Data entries

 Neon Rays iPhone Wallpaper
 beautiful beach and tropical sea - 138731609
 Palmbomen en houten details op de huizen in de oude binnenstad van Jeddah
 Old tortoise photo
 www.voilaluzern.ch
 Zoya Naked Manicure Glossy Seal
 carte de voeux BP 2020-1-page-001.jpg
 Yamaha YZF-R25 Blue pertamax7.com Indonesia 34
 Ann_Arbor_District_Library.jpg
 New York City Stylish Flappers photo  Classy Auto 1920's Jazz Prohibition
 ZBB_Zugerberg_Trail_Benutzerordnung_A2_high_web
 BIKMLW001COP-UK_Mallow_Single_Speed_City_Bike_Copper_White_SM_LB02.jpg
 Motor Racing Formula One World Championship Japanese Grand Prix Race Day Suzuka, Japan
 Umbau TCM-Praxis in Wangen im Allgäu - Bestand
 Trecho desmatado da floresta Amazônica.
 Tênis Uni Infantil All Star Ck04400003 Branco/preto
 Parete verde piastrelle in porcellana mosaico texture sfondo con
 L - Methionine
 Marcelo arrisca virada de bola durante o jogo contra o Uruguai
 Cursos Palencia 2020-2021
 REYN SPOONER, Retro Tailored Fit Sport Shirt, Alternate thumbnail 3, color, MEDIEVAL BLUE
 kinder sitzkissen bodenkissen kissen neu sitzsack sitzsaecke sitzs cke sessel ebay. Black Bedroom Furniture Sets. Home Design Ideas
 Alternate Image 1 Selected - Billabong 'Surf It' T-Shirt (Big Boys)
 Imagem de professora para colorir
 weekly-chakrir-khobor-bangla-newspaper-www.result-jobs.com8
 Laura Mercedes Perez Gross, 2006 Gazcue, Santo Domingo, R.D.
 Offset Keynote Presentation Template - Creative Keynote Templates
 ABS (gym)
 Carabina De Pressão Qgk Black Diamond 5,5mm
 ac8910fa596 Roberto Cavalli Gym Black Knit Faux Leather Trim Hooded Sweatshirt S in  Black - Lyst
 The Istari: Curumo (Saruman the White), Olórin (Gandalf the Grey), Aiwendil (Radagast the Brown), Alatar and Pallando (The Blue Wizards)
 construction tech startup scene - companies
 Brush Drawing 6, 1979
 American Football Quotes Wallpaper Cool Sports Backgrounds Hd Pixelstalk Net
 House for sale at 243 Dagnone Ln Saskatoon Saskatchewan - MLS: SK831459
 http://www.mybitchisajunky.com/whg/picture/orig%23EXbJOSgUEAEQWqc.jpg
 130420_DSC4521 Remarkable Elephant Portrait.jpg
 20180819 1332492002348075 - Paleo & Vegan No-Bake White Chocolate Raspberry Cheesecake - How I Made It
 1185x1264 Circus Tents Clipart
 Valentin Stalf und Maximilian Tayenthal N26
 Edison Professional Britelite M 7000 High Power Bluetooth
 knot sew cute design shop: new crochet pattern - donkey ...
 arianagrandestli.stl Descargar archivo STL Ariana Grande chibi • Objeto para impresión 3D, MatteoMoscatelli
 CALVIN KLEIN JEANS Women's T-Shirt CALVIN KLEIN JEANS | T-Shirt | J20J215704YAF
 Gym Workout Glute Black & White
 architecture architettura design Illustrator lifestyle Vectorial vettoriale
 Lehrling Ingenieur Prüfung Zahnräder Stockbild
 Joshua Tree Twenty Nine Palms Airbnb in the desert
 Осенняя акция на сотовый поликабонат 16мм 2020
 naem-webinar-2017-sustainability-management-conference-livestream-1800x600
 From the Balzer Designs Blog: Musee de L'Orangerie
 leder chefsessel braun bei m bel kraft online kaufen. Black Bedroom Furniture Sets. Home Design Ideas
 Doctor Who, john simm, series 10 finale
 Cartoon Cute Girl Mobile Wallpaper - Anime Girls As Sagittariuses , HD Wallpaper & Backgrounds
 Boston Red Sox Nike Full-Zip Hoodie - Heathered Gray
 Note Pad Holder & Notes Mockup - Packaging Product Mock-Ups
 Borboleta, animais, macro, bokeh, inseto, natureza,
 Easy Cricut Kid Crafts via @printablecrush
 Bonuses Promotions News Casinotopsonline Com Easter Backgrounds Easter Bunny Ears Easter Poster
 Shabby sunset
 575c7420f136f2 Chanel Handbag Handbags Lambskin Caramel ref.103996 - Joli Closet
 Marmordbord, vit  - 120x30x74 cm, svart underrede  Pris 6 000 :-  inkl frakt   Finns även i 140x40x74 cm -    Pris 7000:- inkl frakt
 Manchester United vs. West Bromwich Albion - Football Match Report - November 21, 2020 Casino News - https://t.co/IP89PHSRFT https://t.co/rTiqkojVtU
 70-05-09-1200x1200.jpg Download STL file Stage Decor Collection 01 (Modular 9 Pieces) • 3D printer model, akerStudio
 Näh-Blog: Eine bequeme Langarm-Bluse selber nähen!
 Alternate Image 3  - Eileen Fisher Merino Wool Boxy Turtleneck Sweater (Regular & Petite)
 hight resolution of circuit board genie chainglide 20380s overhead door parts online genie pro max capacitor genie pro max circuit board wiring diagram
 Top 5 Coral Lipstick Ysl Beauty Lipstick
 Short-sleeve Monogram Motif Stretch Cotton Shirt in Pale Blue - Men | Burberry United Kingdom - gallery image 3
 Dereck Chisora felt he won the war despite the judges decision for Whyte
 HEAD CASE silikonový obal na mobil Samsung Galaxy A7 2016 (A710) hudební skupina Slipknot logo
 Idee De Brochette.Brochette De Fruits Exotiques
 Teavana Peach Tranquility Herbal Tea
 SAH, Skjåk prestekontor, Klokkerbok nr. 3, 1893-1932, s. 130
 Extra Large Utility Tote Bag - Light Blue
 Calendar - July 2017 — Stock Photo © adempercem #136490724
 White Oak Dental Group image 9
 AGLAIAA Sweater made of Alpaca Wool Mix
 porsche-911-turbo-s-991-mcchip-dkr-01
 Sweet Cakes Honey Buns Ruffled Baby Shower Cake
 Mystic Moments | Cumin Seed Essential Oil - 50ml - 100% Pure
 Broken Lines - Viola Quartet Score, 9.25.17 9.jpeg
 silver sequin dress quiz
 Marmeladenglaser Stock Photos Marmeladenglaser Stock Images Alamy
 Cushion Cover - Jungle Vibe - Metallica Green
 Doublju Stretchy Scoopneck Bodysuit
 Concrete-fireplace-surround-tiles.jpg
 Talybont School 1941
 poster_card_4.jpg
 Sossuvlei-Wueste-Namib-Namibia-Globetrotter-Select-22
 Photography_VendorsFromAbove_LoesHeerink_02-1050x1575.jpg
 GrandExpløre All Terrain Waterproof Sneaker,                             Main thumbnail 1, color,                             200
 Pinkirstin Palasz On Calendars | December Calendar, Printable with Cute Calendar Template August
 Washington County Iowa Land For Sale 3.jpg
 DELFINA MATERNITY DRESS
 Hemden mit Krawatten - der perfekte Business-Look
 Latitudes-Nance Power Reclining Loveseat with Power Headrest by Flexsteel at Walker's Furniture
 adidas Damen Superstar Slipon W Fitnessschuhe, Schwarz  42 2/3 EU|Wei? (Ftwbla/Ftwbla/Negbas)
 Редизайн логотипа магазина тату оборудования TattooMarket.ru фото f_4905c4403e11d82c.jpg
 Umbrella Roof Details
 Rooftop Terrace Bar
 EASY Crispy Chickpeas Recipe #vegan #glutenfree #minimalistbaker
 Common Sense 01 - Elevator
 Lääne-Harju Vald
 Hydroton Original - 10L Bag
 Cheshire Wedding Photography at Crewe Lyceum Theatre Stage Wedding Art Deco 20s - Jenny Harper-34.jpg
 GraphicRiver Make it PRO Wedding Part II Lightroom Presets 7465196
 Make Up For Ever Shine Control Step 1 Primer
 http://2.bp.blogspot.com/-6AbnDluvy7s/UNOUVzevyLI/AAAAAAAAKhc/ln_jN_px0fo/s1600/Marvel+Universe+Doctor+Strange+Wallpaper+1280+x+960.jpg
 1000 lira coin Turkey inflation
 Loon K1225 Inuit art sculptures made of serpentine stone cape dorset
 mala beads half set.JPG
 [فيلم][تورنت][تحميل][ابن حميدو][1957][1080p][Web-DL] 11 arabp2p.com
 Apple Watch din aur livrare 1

* _Work instructions_
Read the records above. Show each line that has the string "Alternate".

* _Exercise result_
 REYN SPOONER, Retro Tailored Fit Sport Shirt, Alternate thumbnail 3, color, MEDIEVAL BLUE
 Alternate Image 1 Selected - Billabong 'Surf It' T-Shirt (Big Boys)
 Alternate Image 3  - Eileen Fisher Merino Wool Boxy Turtleneck Sweater (Regular & Petite)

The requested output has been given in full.